Вечером 14 мая в квартире у Даниэльссона была пирушка. Если верить госпоже Холмберг, она началась около девяти (громкие голоса, смех и пение) и примерно через час превратилась черт знает во что. Они включили проигрыватель на полную громкость и, по слова госпожи Холмберг, слушали исключительно Эверта Таубе, в то время как сами подпевали припев.
– «Вальс кочегара», и «Бриг „Блюбед“ из Хала», и «Фритьофа и Карменситу», и я еще не знаю что, но это никак не кончалось, – объяснила госпожа Холмберг.
Подобное случалось и раньше, и, поскольку она сама немного боялась Даниэльссона, позвонила одной из соседок и попросила о помощи. Бритт Марии Андерссон, молодой женщине, живущей в их доме на самом верху.
– С Даниэльссоном, конечно, было мало радости общаться, – объяснила госпожа Холмберг. – Даже если это звучит ужасно, когда речь идет о покойнике. Высокий и здоровый мужчина, который пил целыми днями. Я помню, однажды он решил помочь мне войти в подъезд и был так пьян, что завалился и чуть не опрокинул меня и мои пакеты.

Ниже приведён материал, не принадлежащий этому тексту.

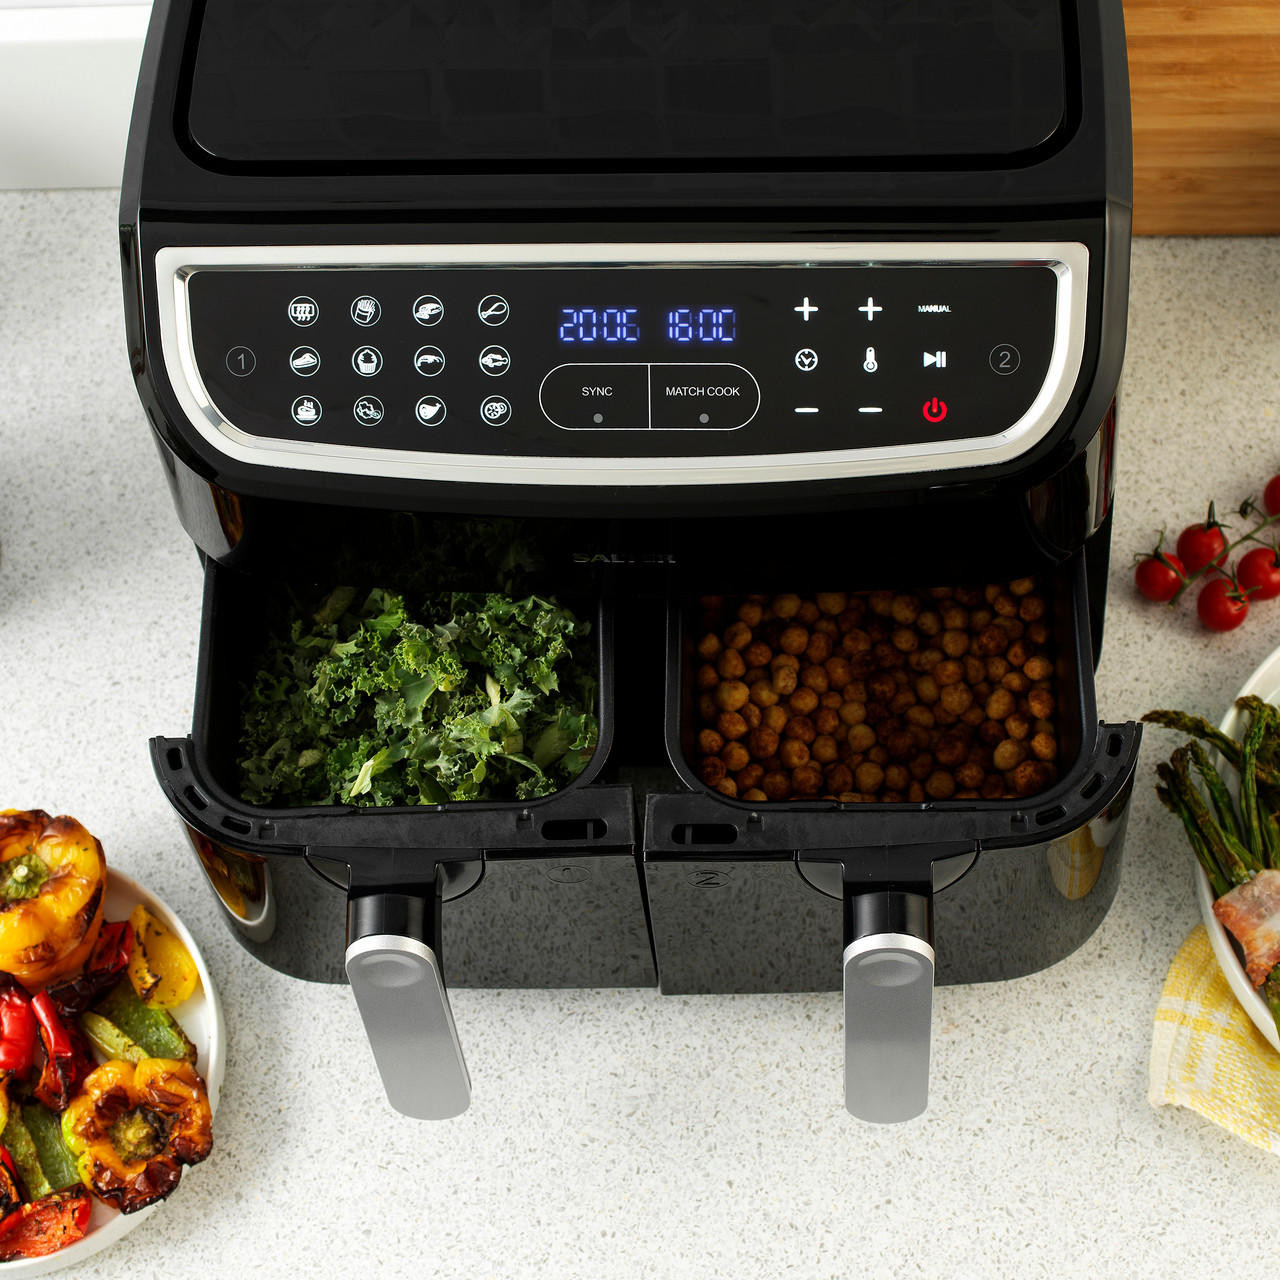 https://cdn11.bigcommerce.com/s-5vfc75n1yv/images/stencil/1280x1280/products/6699/72560/8.2l-dual-air-fryer-with-thermometer-salter-combo-8719a-5054061540109__82961.1704257447.jpg?c=1

– Значит, тогда вы позвонили вашей молодой подруге, Бритт Марии Андерссон, и попросили ее помочь вам, – констатировал ассистент Стигсон, который сам проводил допрос, записал его на магнитофон и сейчас зачитывал вслух распечатку.
– Да, она отвечает за порядок. Может также резко поговорить с такими, как Даниэльссон, поэтому я не в первый раз просила ее о помощи.
– Вам известно, что эта Андерссон тогда сделала? – поинтересовался Стигсон.
– Госпожа Андерссон, она не девчонка какая-то. Она в разводе, или, может, ее муж ушел, а то и умер. Этого я на самом деле не знаю. Но она спустилась и поговорила с ним, поскольку немного позднее снова стало тихо и спокойно.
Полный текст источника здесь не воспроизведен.